> What you have to do:
Restate the whole of the data below word for word, skipping the images.

> Data block:
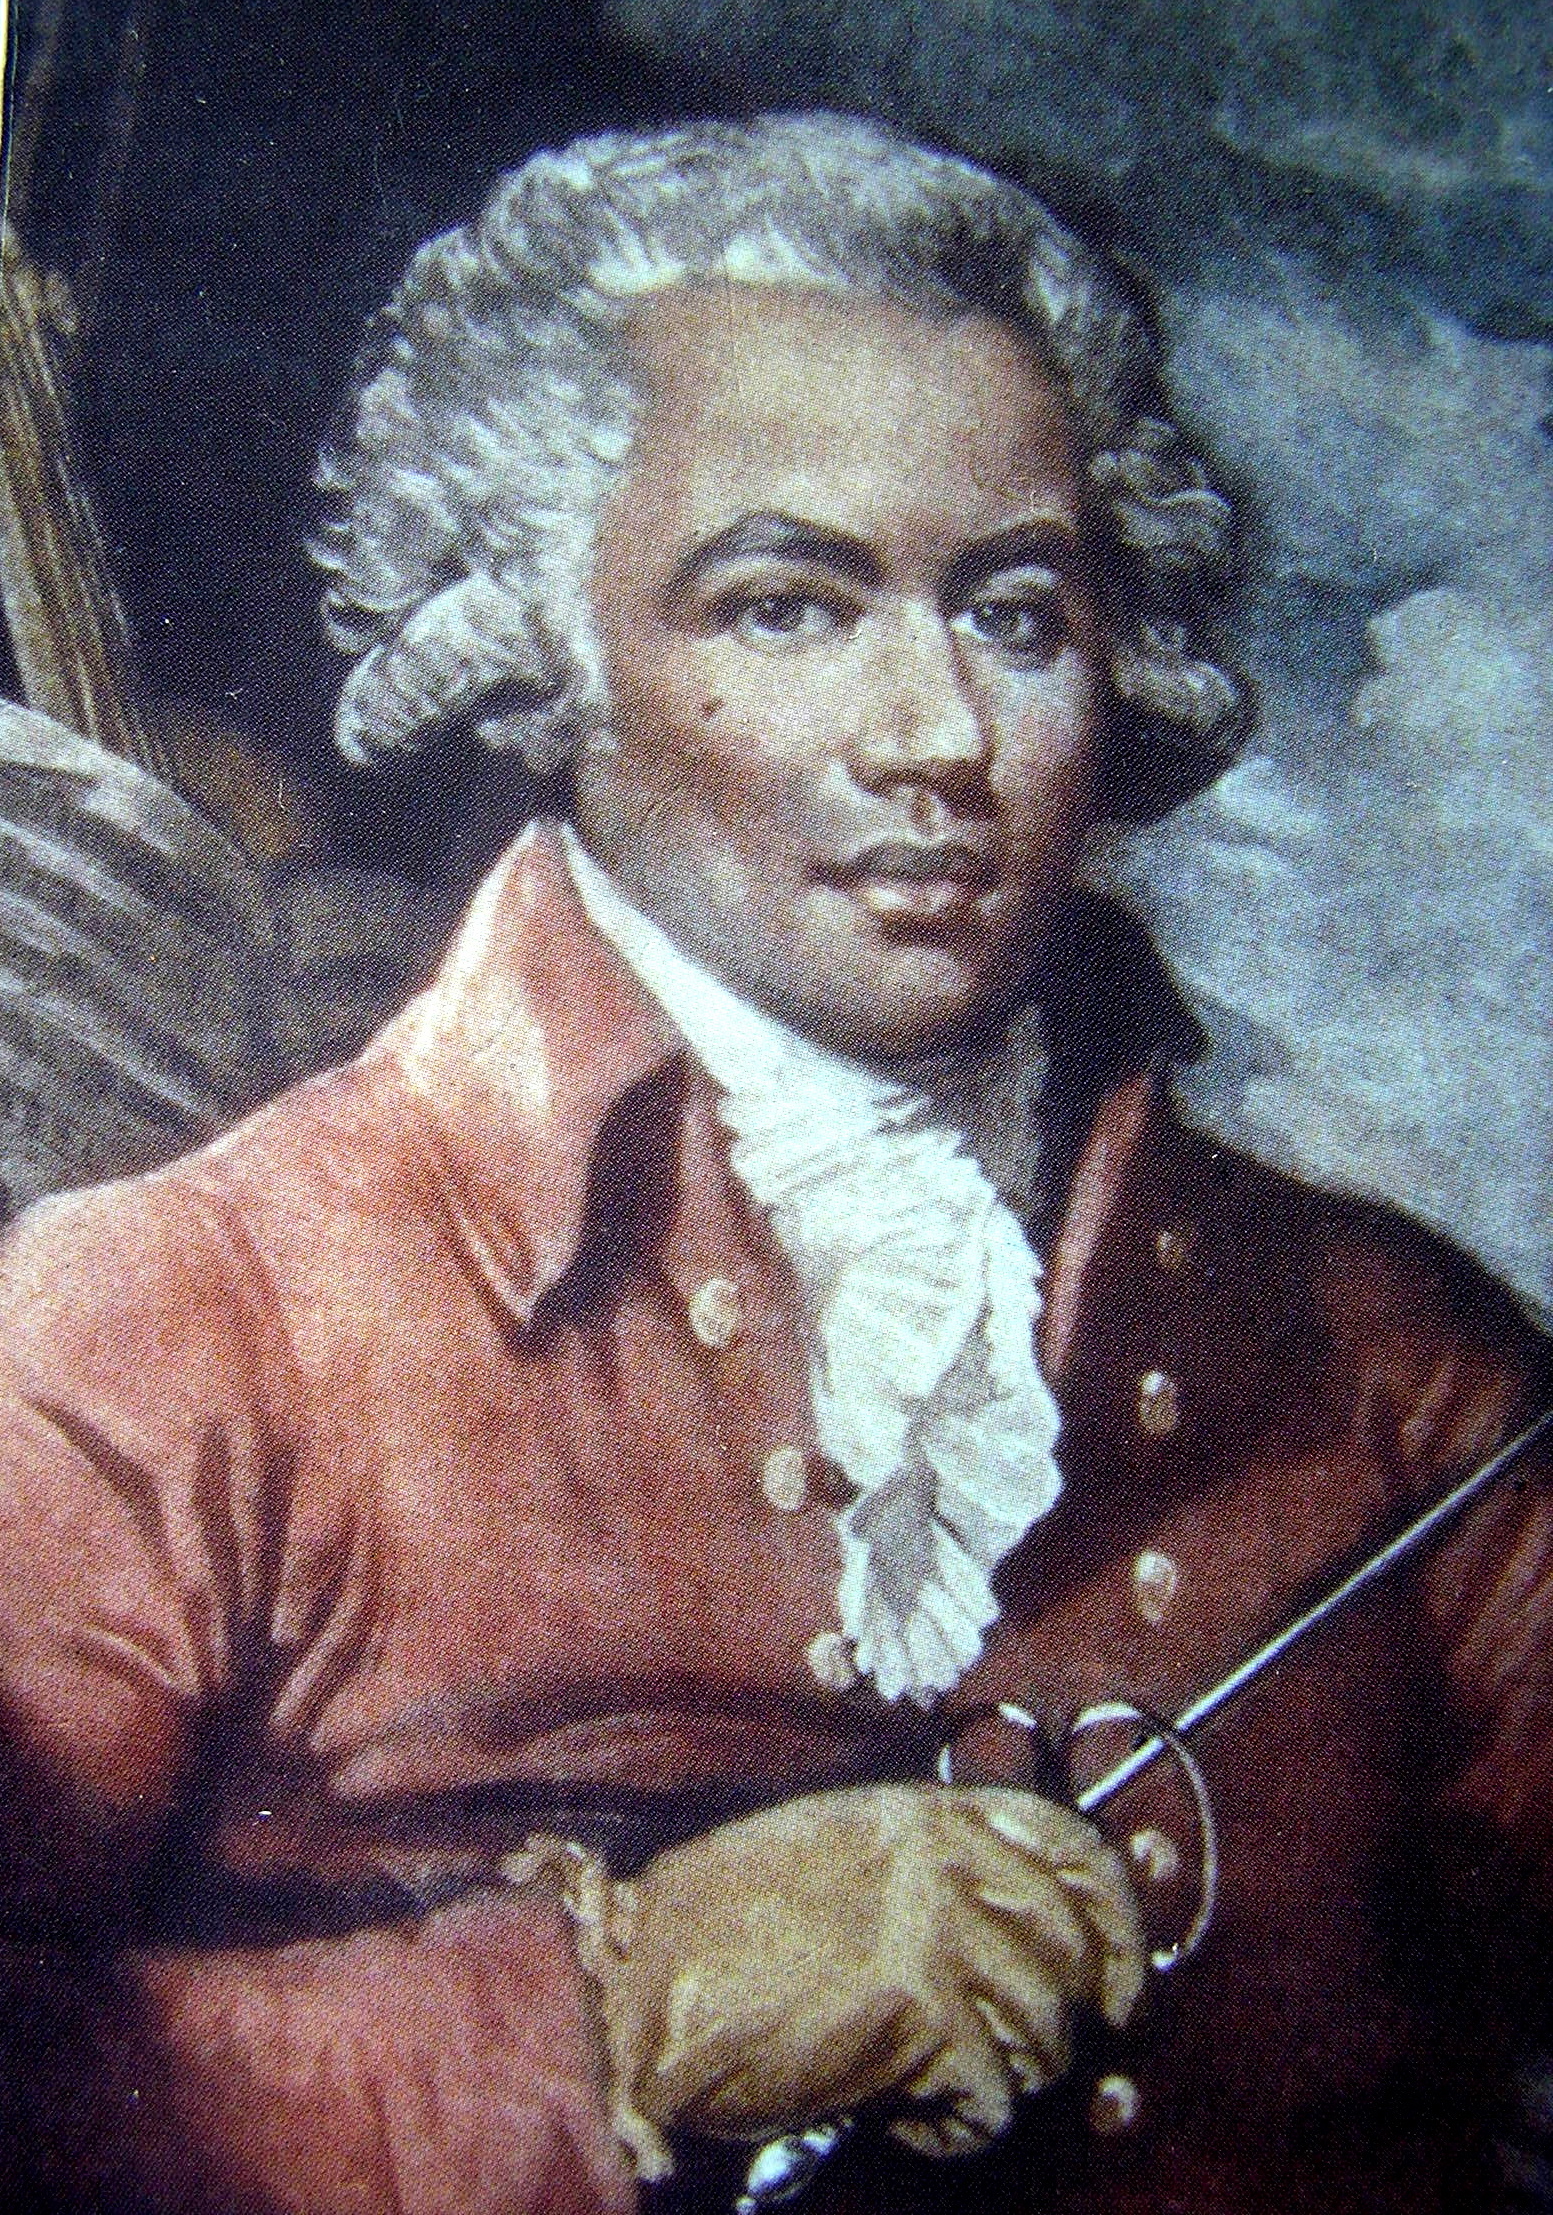 Thoughts on writing about an 18th-century black violinist
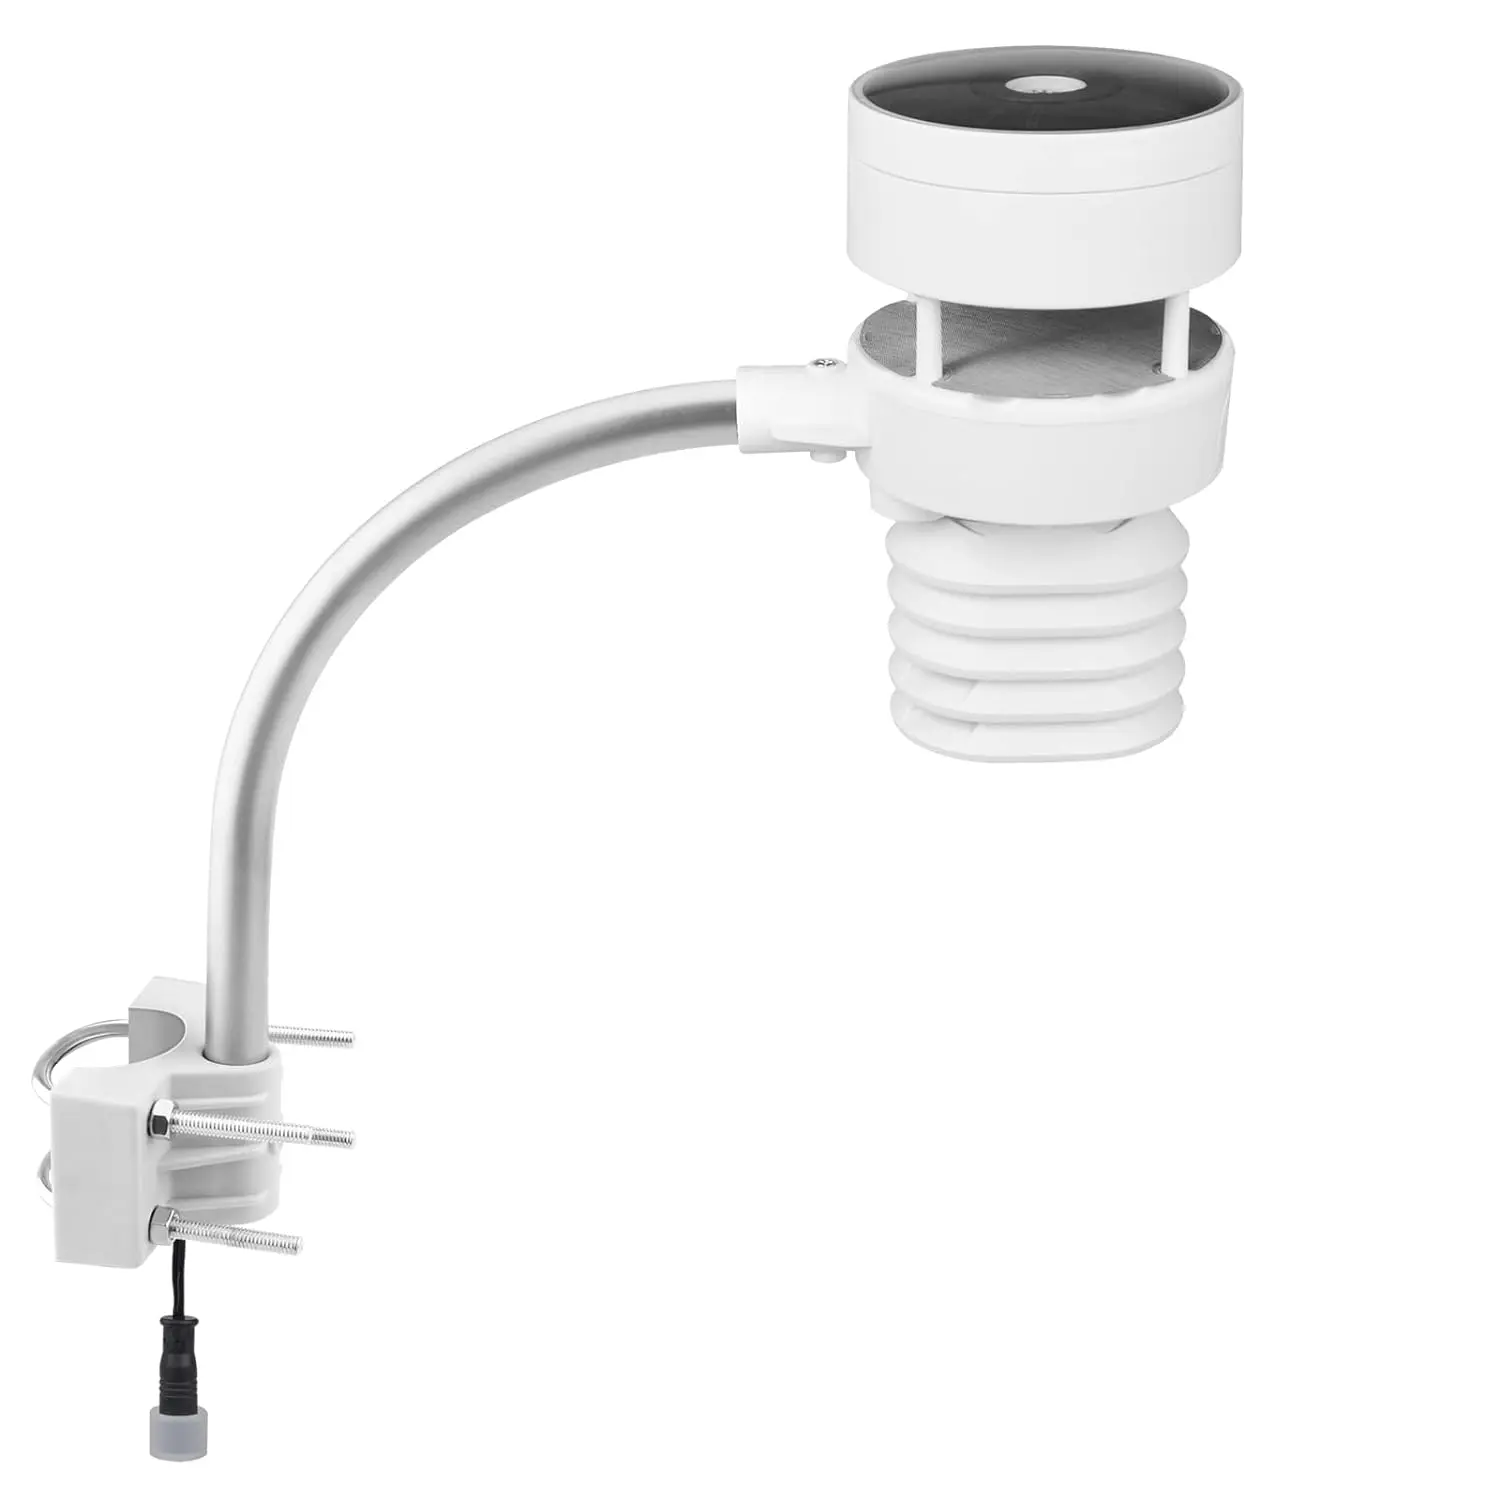 WittBoy : The All-in-one Intelligent Weather Station by Ecowitt
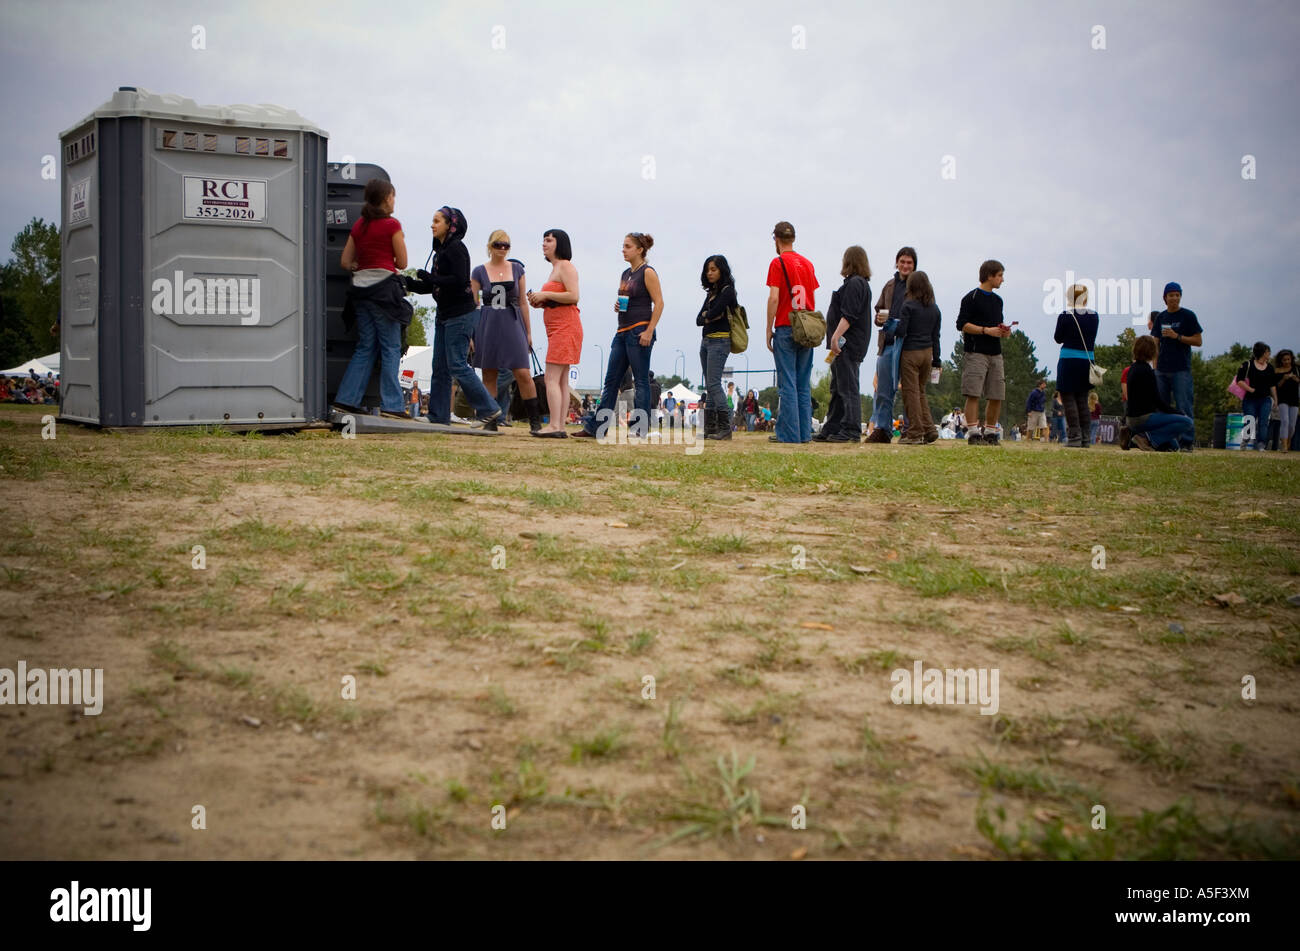 A queue of people waiting to use an outdoor chemical toilet Stock Photo

> Your response:
 Thoughts on writing about an 18th-century black violinist
 WittBoy : The All-in-one Intelligent Weather Station by Ecowitt
 A queue of people waiting to use an outdoor chemical toilet Stock Photo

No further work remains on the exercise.